With that backdrop, I thought it would be interesting to go back and look at where trade was at when the original deal was signed in 1993 and what has happened to the NAFTA countries – the U.S., Mexico and Canada – since then.
So what was the world like back in the days of NAFTA 1.0?
As the current administration points out, there was a small trade surplus that the U.S. had with Mexico at the time NAFTA was started. In the present day, that small surplus has turned into a deficit to the tune of $64 billion.
On a related note, the dollar-to-peso exchange rate went from 4 at that time to nearly 19 today. That means at constant prices, Mexican goods are much cheaper now.

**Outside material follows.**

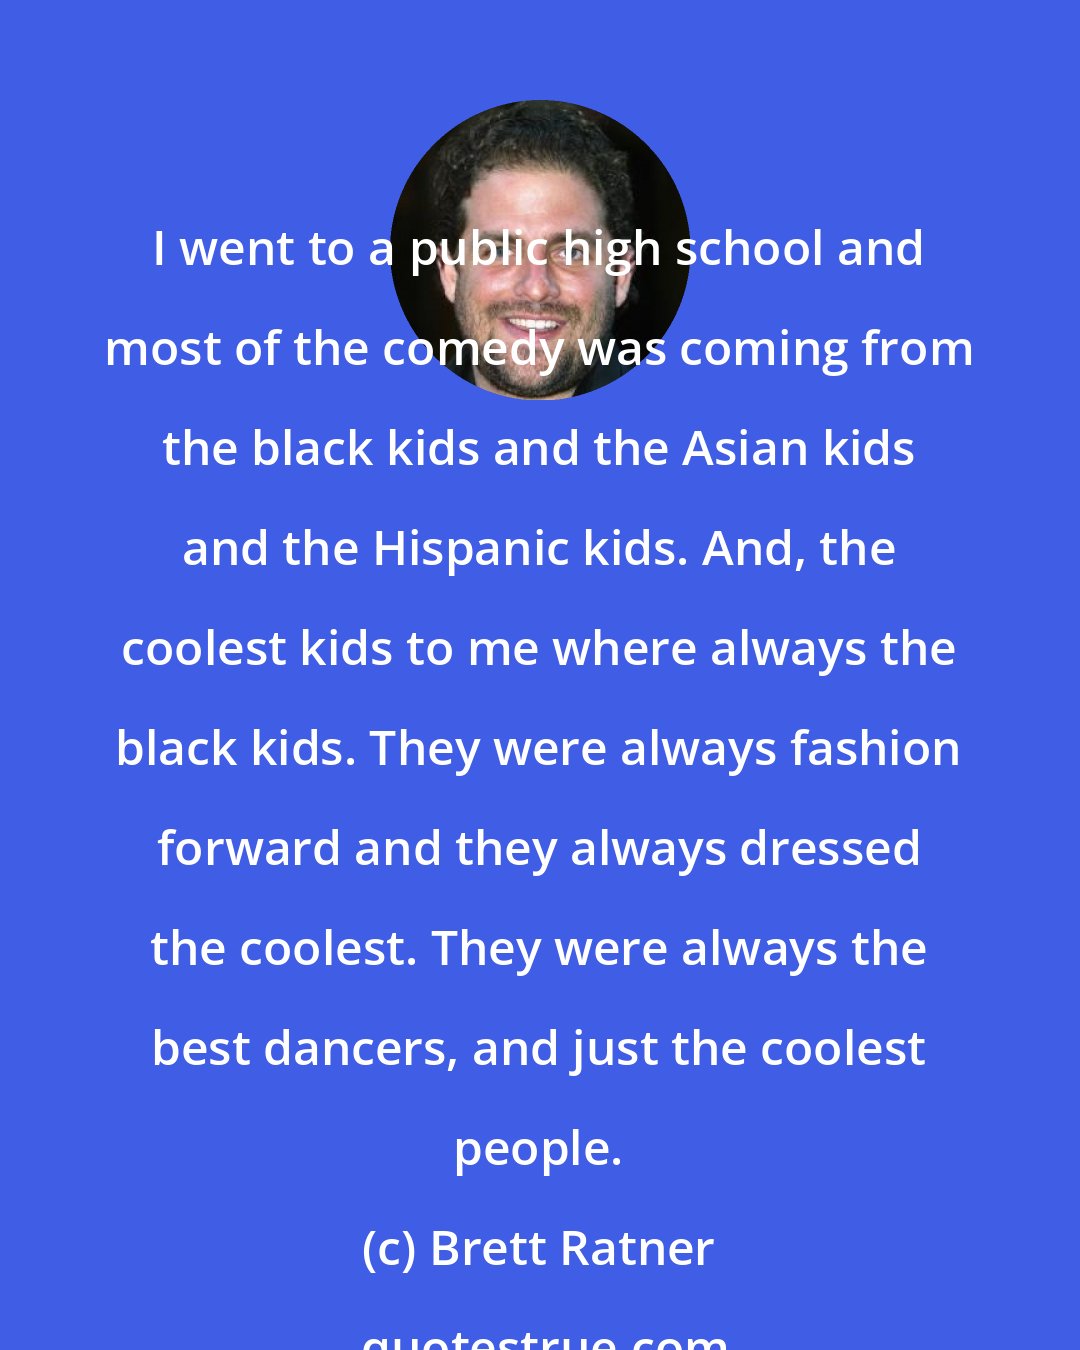 Brett Ratner: I went to a public high school and most of the comedy was coming from the black kids and the Asian kids and the Hispanic kids. And, the coolest kids to me where always the black kids. They were always fashion forward and they always dressed the coolest. They were always the best dancers, and just the coolest people.

The situation with Canada is very different. The U.S. and Canada have the second largest trade relationship of any two countries in the world. While Canada typically runs either a small trade surplus or deficit with the U.S., the amounts are actually relatively small when compared to the overall trade between the two countries.
Broadly speaking, imports and exports between the U.S. and Canada have largely evened out in recent years.
A bigger question is: Is the trade deficit we currently run with Mexico truly due to NAFTA? For that we need to look at the value of the Mexican peso.
In theory, the peso would be more likely to strengthen, not weaken, if the U.S. were importing more goods from Mexico. The reason it has weakened recently can be attributed to overall global macroeconomic factors.
For instance, the peso is on investors' radar as an emerging market currency. It tends to be lumped in with Latin America currencies any time there are financial jitters in that region.
Also, the strong preference for U.S. assets after the Great Recession of 2008 boosted the dollar in general against most currencies.
My View: The U.S. trade deficit with Mexico is not primarily due to NAFTA. However, the idea that it is has been heavily influencing the current NAFTA re-negotiations. As a result, that process is not going well. I would advise a more careful and prudent approach going forward.